Al.P. 12 septembre 2010
Une circulaire du ministère de l’Intérieur semble montrer que les Roms ont été collectivement visés par le gouvernement, bafouant la législation européenne qui proscrit les déplacements groupés de population.
Sur quels fondements les Roms sont-ils expulsés? Pour des raisons individuelles, ce qui peut-être légal, ou en tant que Roms, ce qui peut-être considéré comme une discrimination raciale? Alors que 9.000 personnes ont été expulsées depuis le début de l’année, dont un millier en août, la question se pose. L’ONU, notamment, s’est inquiétée « de la montée des manifestations et des violences à caractère raciste envers les Roms ». Le Vatican, la Roumanie, l’UE s’en sont aussi émus. Jeudi, le parlement européen a d’ailleurs voté une résolution demandant à Paris de suspendre ces expulsions en groupe. Il s’appuyait sur l’article 4 de la Convention européenne des droits de l’homme et l’article 19 de la Charte des droits fondamentaux, qui interdisent les déplacements collectifs de populations.
De son côté, et jusqu’ici, le gouvernement a fermement nié que les Roms soient spécifiquement visés. « Le droit européen a été respecté. Il n’y a pas eu d’expulsion collective », a ainsi déclaré Eric Besson la semaine dernière à Bucarest. Il affirme que les expulsions sont prononcées après l’examen de la situation de chaque intéressé, ce qui peut être autorisé sous certaines conditions. Un arrêté de reconduite à la frontière peut notamment être prononcé en cas de menace à l’ordre public ou au bout de trois mois de présence sur le territoire sans ressource. Les autorités peuvent aussi recourir à la procédure de « retour volontaire », acceptée par 80% des expulsés contre quelque 300 euros.
Des préfets appelés au « démantèlement systématique »

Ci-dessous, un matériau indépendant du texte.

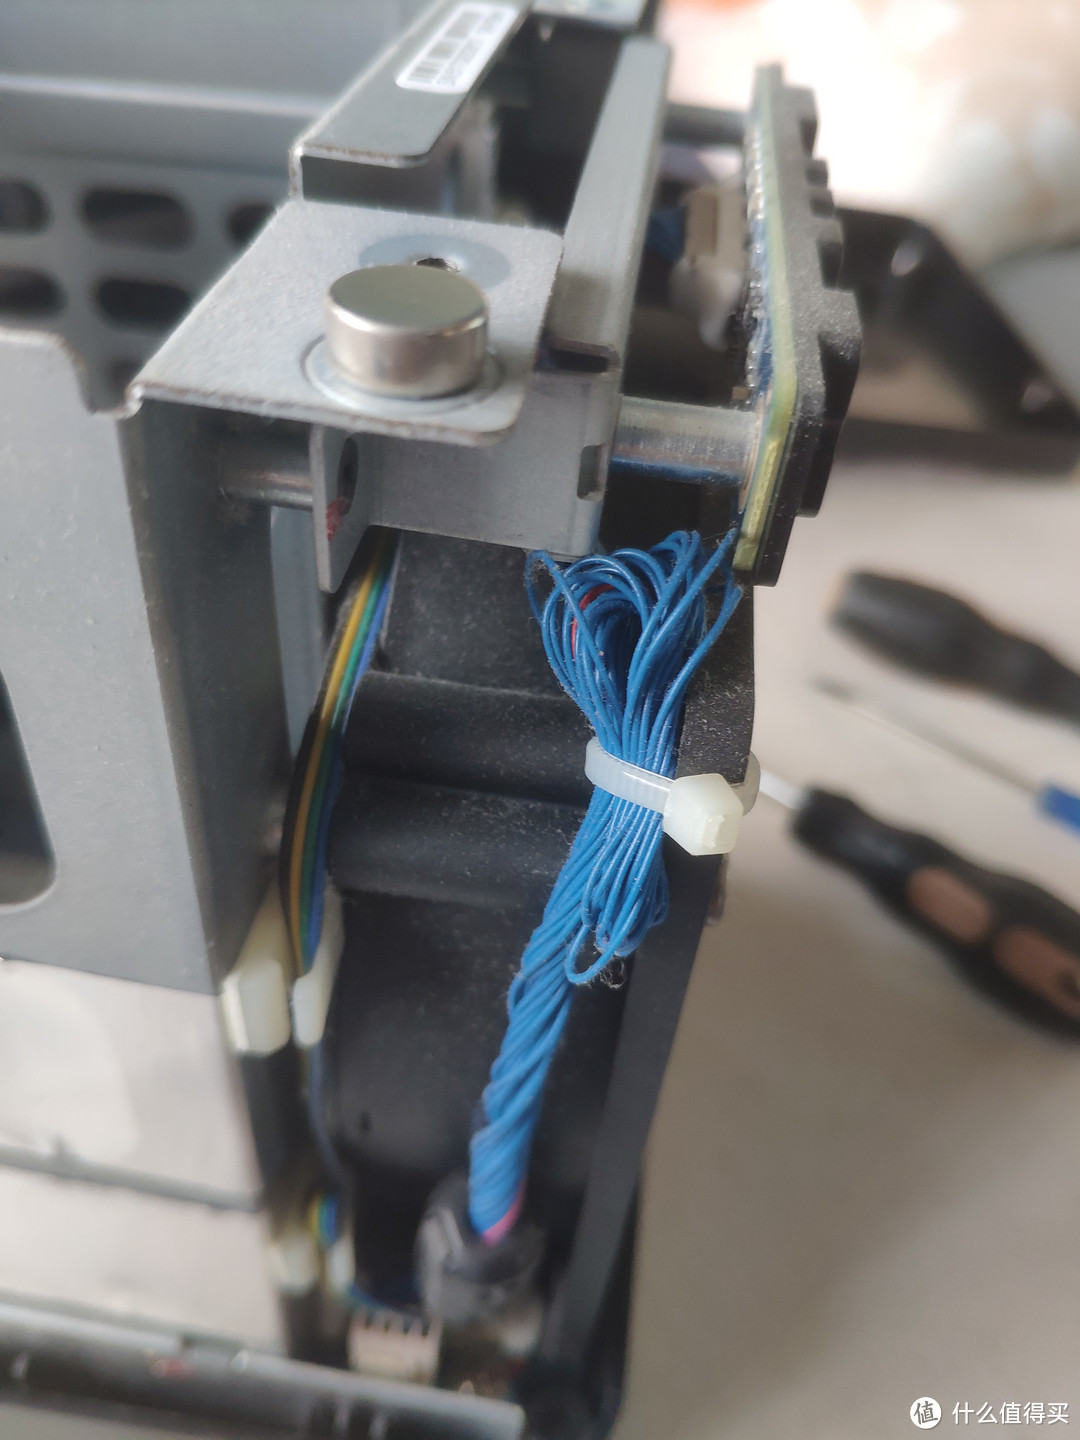 这条蓝色线缆是面板指示灯连接线 威联通真牛逼 居然用线缆连接 完全可以定制条排线连接啊

Or, la révélation de plusieurs circulaires du ministère de l’Intérieur semble contredire les intentions du ministre. La plus explicite, date du 5 août. Signée par Michel Bart, le directeur de cabinet du ministre de l’Intérieur, elle avance des objectifs chiffrés: « 300 campements ou implantations illicites devront avoir été évacués d’ici trois mois, en priorité ceux des Roms.Il revient donc, dans chaque département, aux préfets d’engager (…) une démarche systématique de démantèlement des camps illicites, en priorité ceux de Roms ».
Plusieurs associations vont donc demander la suspension de ces textes, a confié à Reuters Stéphane Maugendre, président du Gisti, association d’aide aux immigrés. Une plainte pénale pour « provocation à la haine raciale » est aussi à l’étude. Le parti socialiste n’a pas non plus manqué de rebondir. « Je demande à la Commission européenne et à son président José Manuel Barroso d’engager une procédure d’infraction à l’encontre du Gouvernement français pour que cesse le traitement indigne et la stigmatisation inacceptable des citoyens européens que sont les Roms », annonce dans un communiqué Harlem Désir, député européen et secrétaire national du parti.
Gardienne des valeurs inscrites dans la Charte des droits fondamentaux, la Commission européenne a demandé des « informations » à Paris pour évaluer si les expulsés avaient bénéficié de tous les droits qui leurs sont garantis. Elle devrait rendre prochainement ses conclusions.